EPIC Commends FTC’s GTL Data Breach Settlement, Urges Tailored Remedies

In comments to the Federal Trade Commission, EPIC commended the FTC for taking enforcement action against prison communications company Global Tel*Link (GTL, now known as ViaPath) for unfair and deceptive trade practices related to a 2020 data breach exposing the personal information of hundreds of thousands of incarcerated persons and their families, friends, lawyers, and other contacts, as well as to the company’s subsequent further misconduct.

GTL put more than 600,000 unique individuals’ personally identifiable information, including such sensitive information as usernames or email addresses in combination with passwords, home addresses, driver’s license numbers, passport numbers, location information, and information about race, religion and whether the individual is transgender. It also included tens of thousands of grievances sent by incarcerated consumers to facilities, as well as tens of thousands of messages exchanged between incarcerated and non-incarcerated users, which sometimes contained financial information and Social Security numbers. Numerous consumers reported fraudulent transactions on their credit card after the breach.

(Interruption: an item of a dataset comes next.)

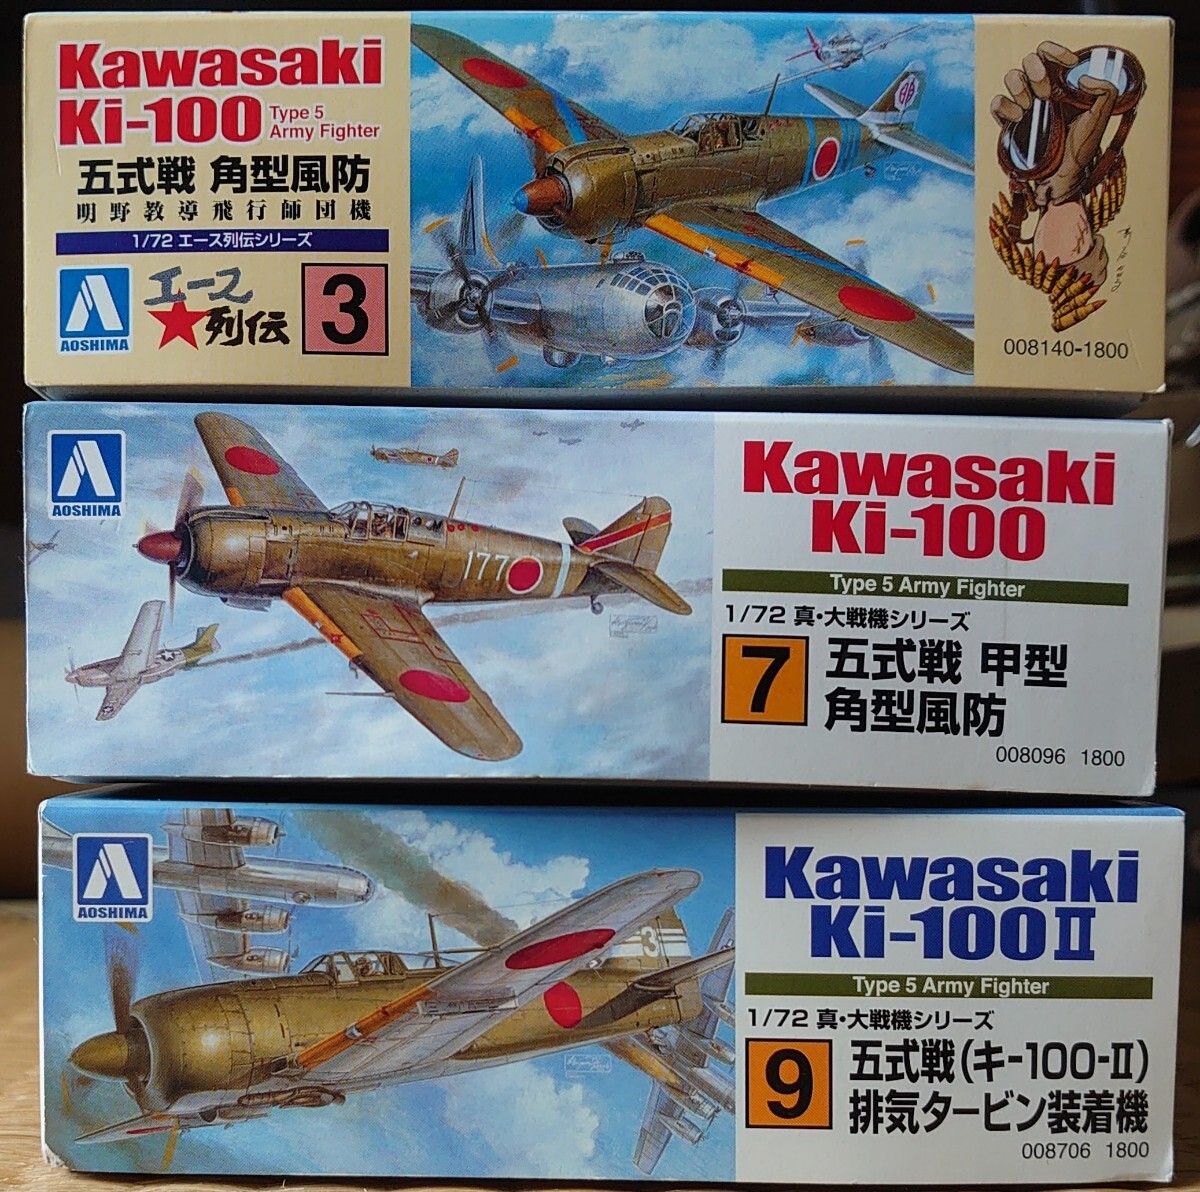 アオシマ 1/72 大日本帝国陸軍 川崎 キ-100 五式戦闘機(角型風防)/'エース列伝' / キ-100-Ⅱ 五式戦闘機Ⅱ型 排気タービン装着機 計3機の画像2

Despite this, after the incident GTL continued to represent that it had never experienced a breach, including in its Request for Proposal (RFP) responses to contract opportunities with other facilities. GTL did not provide notice of the breach to consumers for approximately nine months and when it did, it notified fewer than eight percent of impacted consumers. GTL additionally represented that consumer payment and medical information was not affected when it knew that to be false.

EPIC encouraged the FTC to approve the proposed consent order, praised the Commission for its attention to harms to incarcerated persons and their families, and encouraged the FTC “to work with the FCC to rein in the litany of harmful data practices in the prison telecommunications industry and reduce costs for consumers forced to use companies like GTL to communicate with their loved ones.”

Additionally and specifically, EPIC praised the FTC’s imposition of technical controls and data retention limits, but noted that GTL should not be permitted to retain data for its intelligence services offerings. EPIC also praised the proposed consent order’s requirement that GTL facilitate communications between incarcerated persons and credit monitoring services, but EPIC urged the FTC to further tailor its remedies to include assistance with resolving credit report disputes and providing support in multiple languages.

EPIC regularly files comments in response to proposed FTC consent orders and complaints regarding business practices that violate privacy rights. Additionally, EPIC advocates for stronger consumer protection safeguards in the prison communications context.